Reshape your data either using array.reshape(-1, 1) if your data has a single feature or array.reshape(1, -1) if it contains a single sample.

Here is the input we tried to use.

df["horsepower"]
0      130.0
1      165.0
2      150.0
3      150.0
4      140.0
       ...  
393     86.0
394     52.0
395     84.0
396     79.0
397     82.0
Name: horsepower, Length: 392, dtype: float64

Here is the input we are going to use. It looks very similar, but because it is a pandas DataFrame (instead of a pandas Series), scikit-learn knows how to work with it as an input.

df[["horsepower"]]
horsepower
0 130.0
1 165.0
2 150.0
3 150.0
4 140.0
... ...
393 86.0
394 52.0
395 84.0
396 79.0
397 82.0

392 rows × 1 columns

type(df[["horsepower"]])
pandas.core.frame.DataFrame

Notice how the output (also called the target) df["mpg"] remains one-dimensional.

reg.fit(df[["horsepower"]], df["mpg"])
LinearRegression()
In a Jupyter environment, please rerun this cell to show the HTML representation or trust the notebook.
On GitHub, the HTML representation is unable to render, please try loading this page with nbviewer.org.

We can now make predictions for the miles per gallon using the “horsepower” column.

df["pred1"] = reg.predict(df[["horsepower"]])

Notice how our DataFrame now includes both the “mpg” column (the true values) as well as the “pred1” column all the way on the right (the predicted values).

df.head()
mpg cylinders displacement horsepower weight acceleration model_year origin name pred1
0 18.0 8 307.0 130.0 3504 12.0 70 usa chevrolet chevelle malibu 19.416046
1 15.0 8 350.0 165.0 3693 11.5 70 usa buick skylark 320 13.891480
2 18.0 8 318.0 150.0 3436 11.0 70 usa plymouth satellite 16.259151
3 16.0 8 304.0 150.0 3433 12.0 70 usa amc rebel sst 16.259151
4 17.0 8 302.0 140.0 3449 10.5 70 usa ford torino 17.837598

Let’s see how these predicted values look.

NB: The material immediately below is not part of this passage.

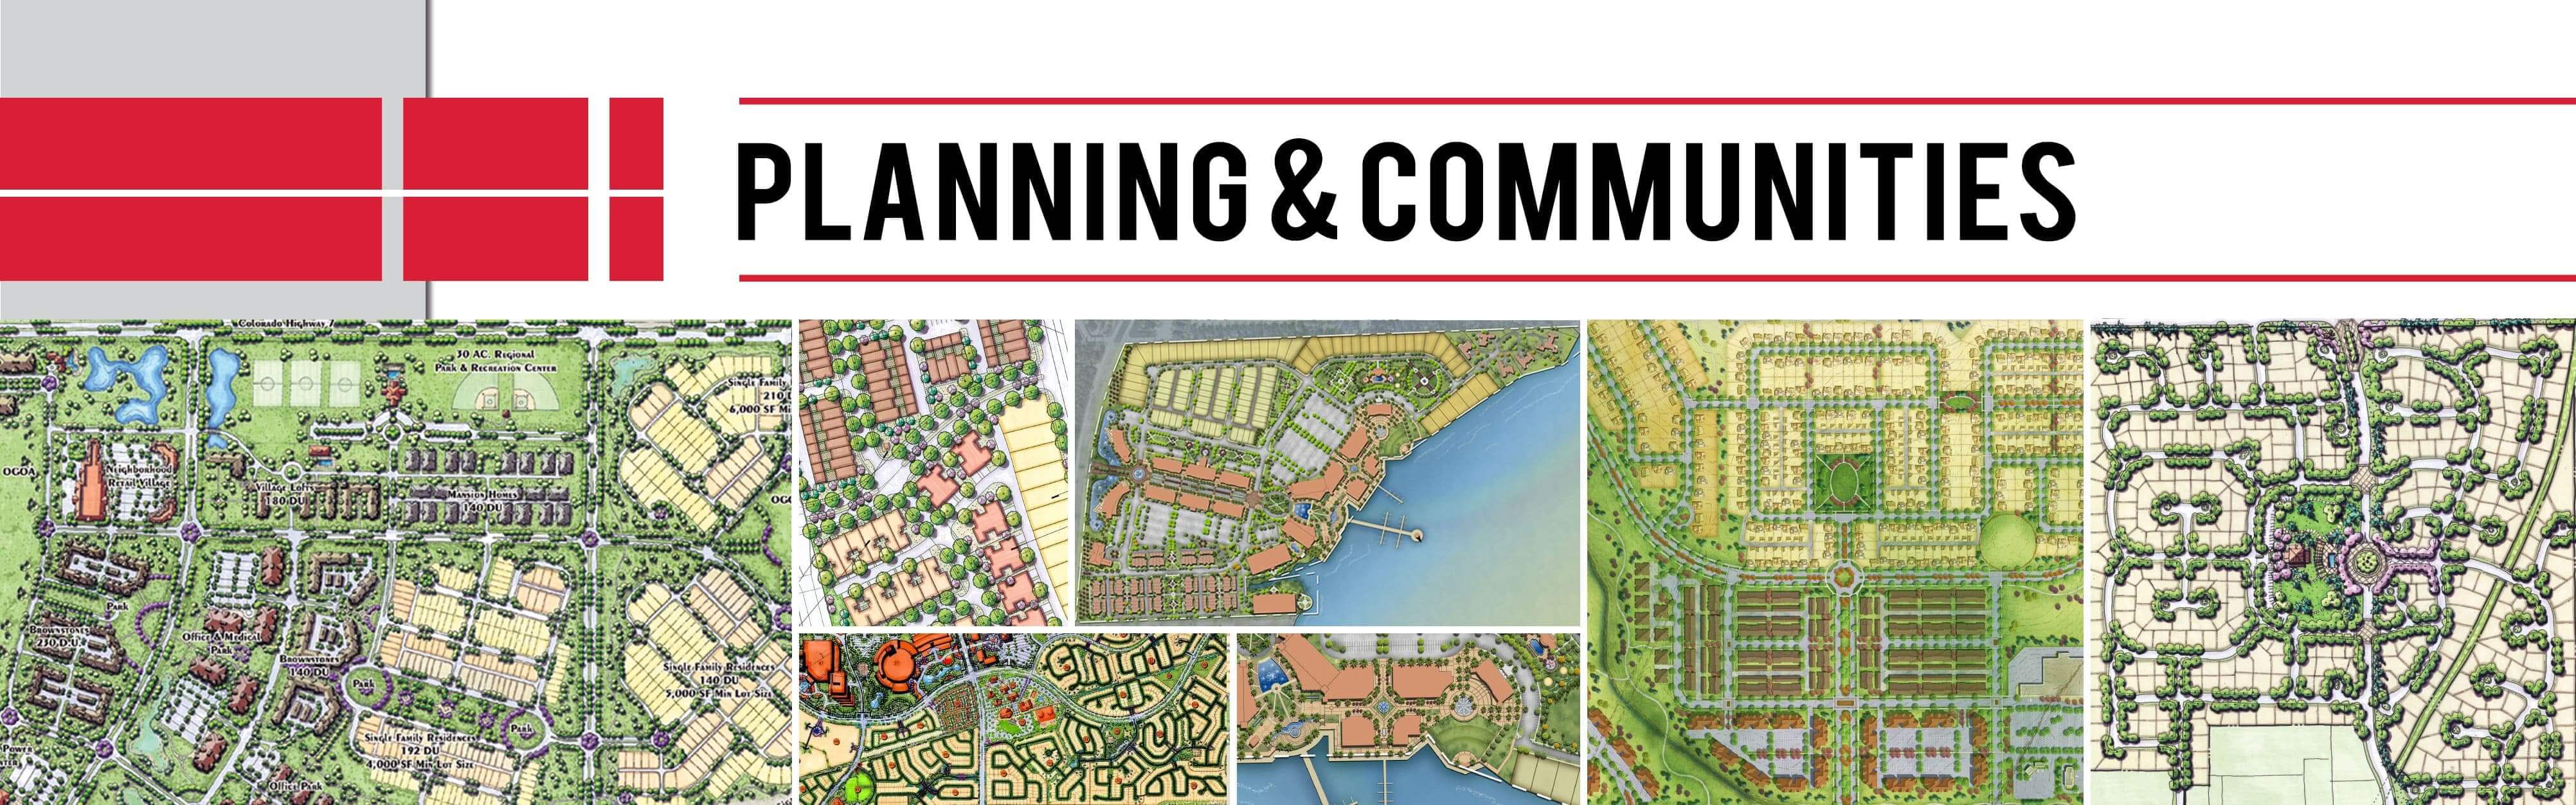 Architects that specialize in Planning and Communities

c1 = alt.Chart(df).mark_line().encode(
    x="horsepower",
    y="pred1"
)

The line on the following chart should be considered the “line of best fit” modeling miles-per-gallon as a linear function of horsepower.

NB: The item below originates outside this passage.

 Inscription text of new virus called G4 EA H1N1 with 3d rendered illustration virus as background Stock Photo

base+c1 # alt.layer(base, c1)

If you look at the line, the following value of the y-intercept should be believable.

reg.intercept_
39.93586102117047

Notice how the coefficient is negative. This corresponds to the line having negative slope, and it matches our intuition that, as “horsepower” increases, “mpg” decreases. (The number is shown as a length-1 NumPy array because, typically we will be using multiple input columns, and an array will be used to store all of the coefficients together.)

reg.coef_
array([-0.15784473])

Linear Regression with multiple input variables#

Now model “mpg” as a function of the following input variables/predictors/features:

["horsepower", "weight", "model_year", "cylinders"]

The routine is very similar, just using multiple input columns (four in this case).

reg2 = LinearRegression()
cols = ["horsepower", "weight", "model_year", "cylinders"]

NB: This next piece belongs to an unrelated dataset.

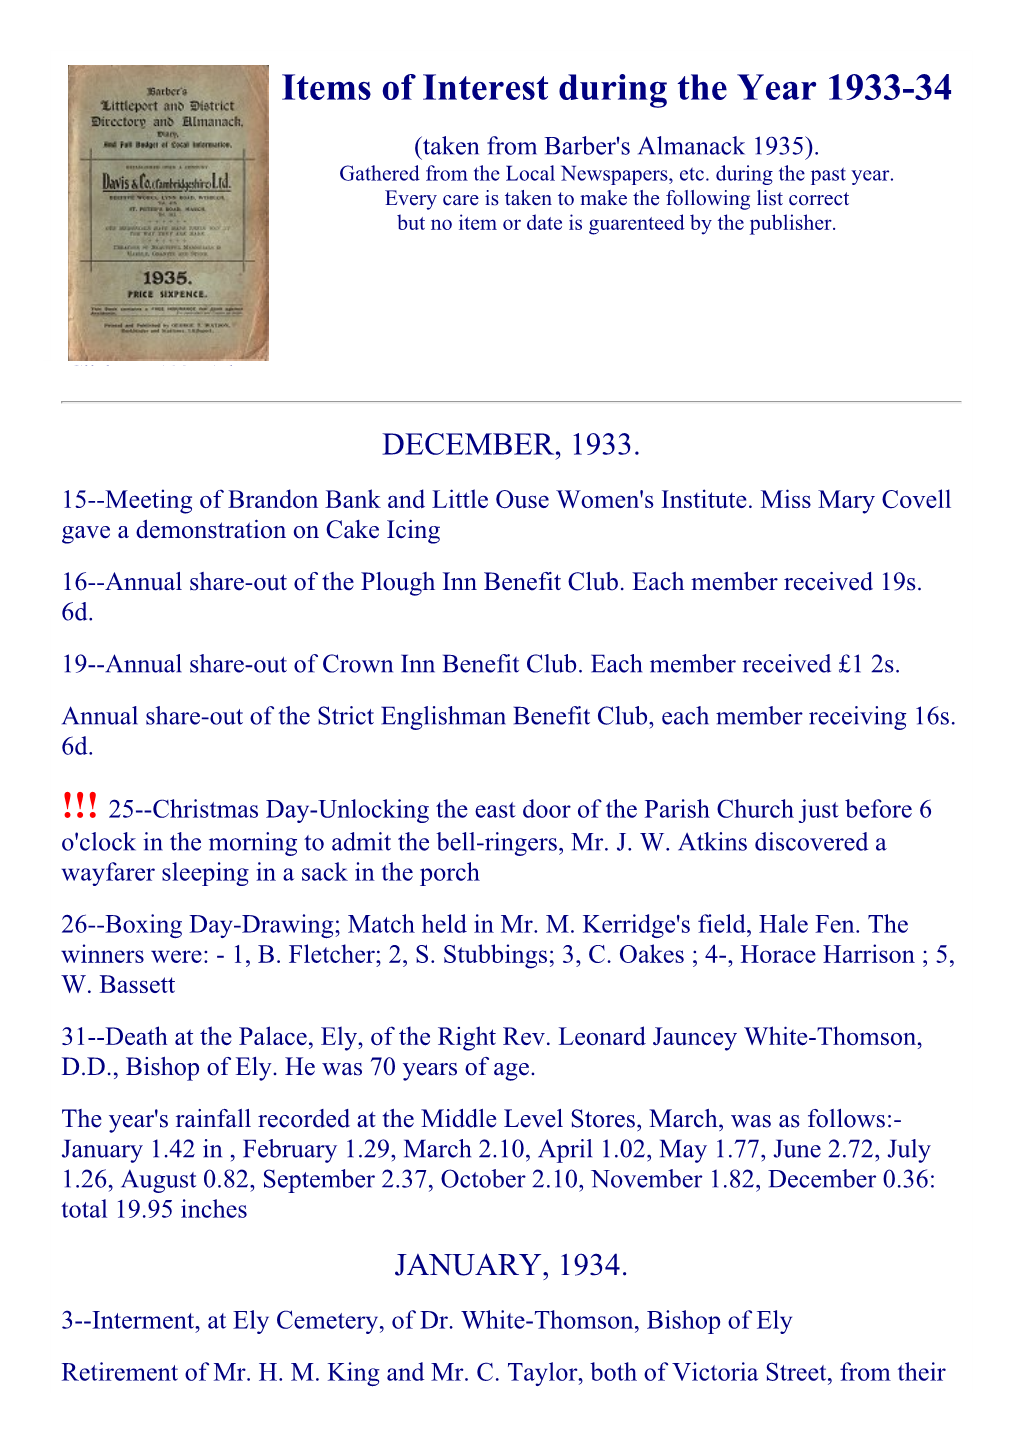 Items of Interest During the Year 193334

Notice how we write df[cols] here and we wrote df[["horsepower"]] above. This might seem contradictory, but these are analogues of each other, because cols is a list and ["horsepower"] is also a list (a length one list).

reg2.fit(df[cols], df["mpg"])
LinearRegression()
In a Jupyter environment, please rerun this cell to show the HTML representation or trust the notebook.
On GitHub, the HTML representation is unable to render, please try loading this page with nbviewer.org.

Here are the coefficients, stored in a NumPy array. There are four of these numbers because we used four columns.

reg2.coef_
array([-0.00361502, -0.00627463,  0.74663191, -0.1276871 ])

We want to know which coefficient corresponds to which column (otherwise the numbers are not very meaningful). We could look back at the cols list, but we can also get the same information from reg2 using its feature_names_in_ attribute.

One of the best features of linear regression is that it is very possible to interpret the values it produces. For example, the -0.0036 above should be interpreted as the partial derivative of “mpg” with respect to “horsepower” for our linear model. Notice that most of these are negative, but the coefficient for “model_year” is positive. It makes sense that cars tend to have higher mpg values as the model year increases.

reg2.feature_names_in_
array(['horsepower', 'weight', 'model_year', 'cylinders'], dtype=object)

Again we can make predictions using this data.

df["pred2"] = reg2.predict(df[cols])
c2 = alt.Chart(df).mark_line().encode(
    x="horsepower",
    y="pred2"
)

This chart looks pretty crazy. We will describe it more in the same cell.

base+c2

The predicted values do not look very linear, but that is because the line chart comes from data points which have four different values associated to them: “horsepower”, “weight”, “model_year”, “cylinders”. Our x-axis only shows “horsepower”, but the points on the line depend on all four values.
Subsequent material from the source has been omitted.